|
Canada Scores
"D" On Fisheries
February
5, 2009
By Sunny
Dhillon
The Canadian Press
VANCOUVER
- A team of scientists has found Canada is barely complying with a
United Nations code of conduct for managing fisheries, and most other
nations aren't even meeting that meek standard.
A study
led by University of B.C. researcher Tony Pitcher says Canada, the
U.S., Norway, Australia, Iceland and Namibia are the only nations that
scored above 60 per cent on a code of conduct compliance rate - the
equivalent of a "D."
The
voluntary code was instituted in 1995 by the U.N.'s Food and Agriculture
Organization and provides a consensus for marine resources management.
The
countries evaluated in the study, which appears in the journal Nature on
Thursday, are the top 53 fishing nations in the world and account for more
than 95 per cent of the reported catch.
"The
overall conclusion is really a bit depressing," Pitcher said. "Even the
countries that score at the top of our range are not doing very well."
The report
calls overall compliance of the code "dismal" and says there is a
great deal of improvement to be made even by those nations at the top of the
rankings.
"This is a
grave indictment of the performance of the world's fisheries
managers and of the considerable sums spent on projects aiming to assist
with the Code's implementation," the report reads.
"The time
has come for a new integrated international legal instrument
covering all aspects of fisheries management."
Norway
finished with the highest score, while North Korea was dead last.

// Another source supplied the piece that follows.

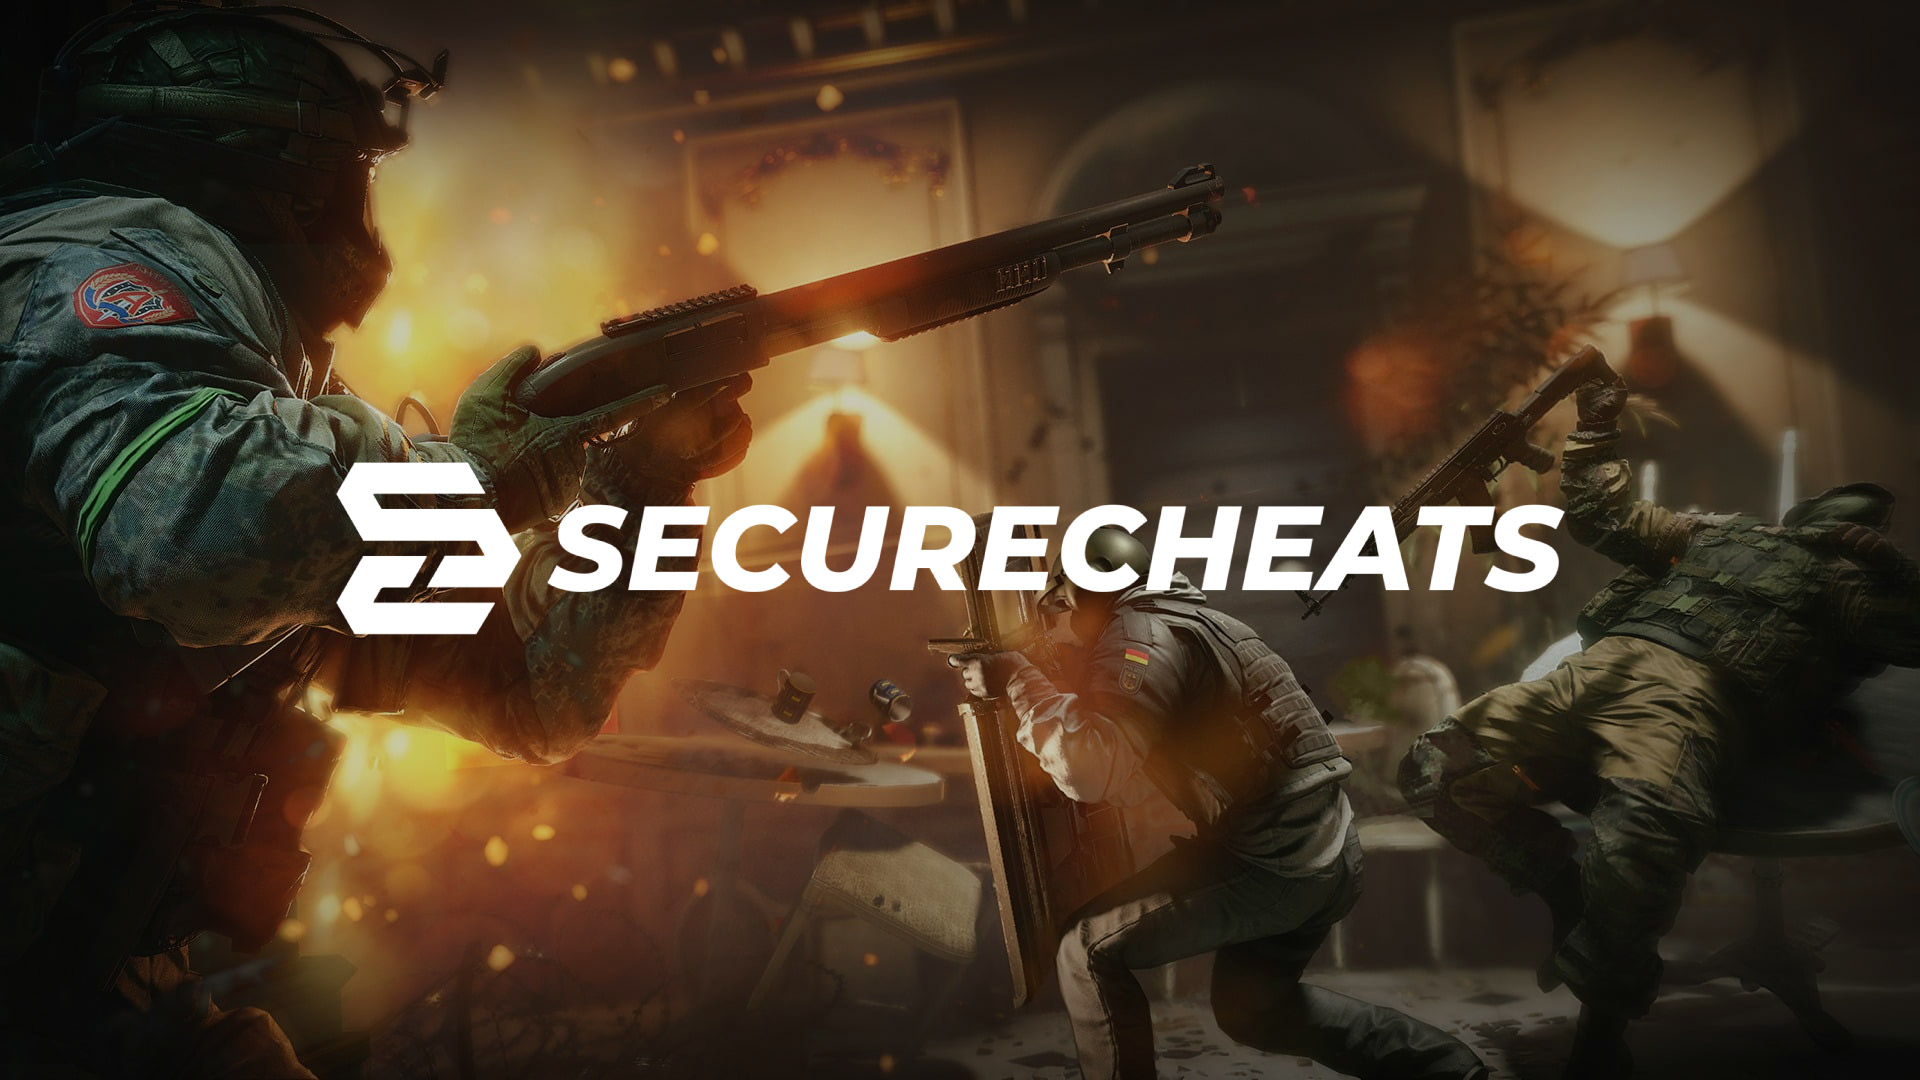 SecureCheats - The Best Gaming Cheats & Hacks For PC

Twenty-eight countries, more than half, scored failing grades of less than
40 per cent compliance.
The
scientists say some might argue they've even been too generous in their
scoring, since some countries were awarded scores for published legislation
or policy documents that merely express an intention to comply with the
code.
"In Canada
for example, government auditors have criticized failure to
implement ocean-management legislation: an ironic twist considering Canada
pioneered drafting the code in the 1990s," the report reads.
A
Department of Fisheries and Oceans spokesperson was not available for
comment.
Nick
Nuttall, spokesman for the U.N. Environment Program, said overfishing
shows nations' failure to address "fundamental links" between ecology and
the daily needs of tens of millions of people.
"It's
absolutely clear that one of the great market failures of modern times
is the management of the world's fisheries, and there are examples from
almost every fishery across the globe where the fishing effort exceeds the
available catch," Nuttall said.
Two years
ago, a team of ecologists and economists warned in the journal
Science that if current trends of overfishing and pollution continue, almost
all seafood sources could face collapse by 2048.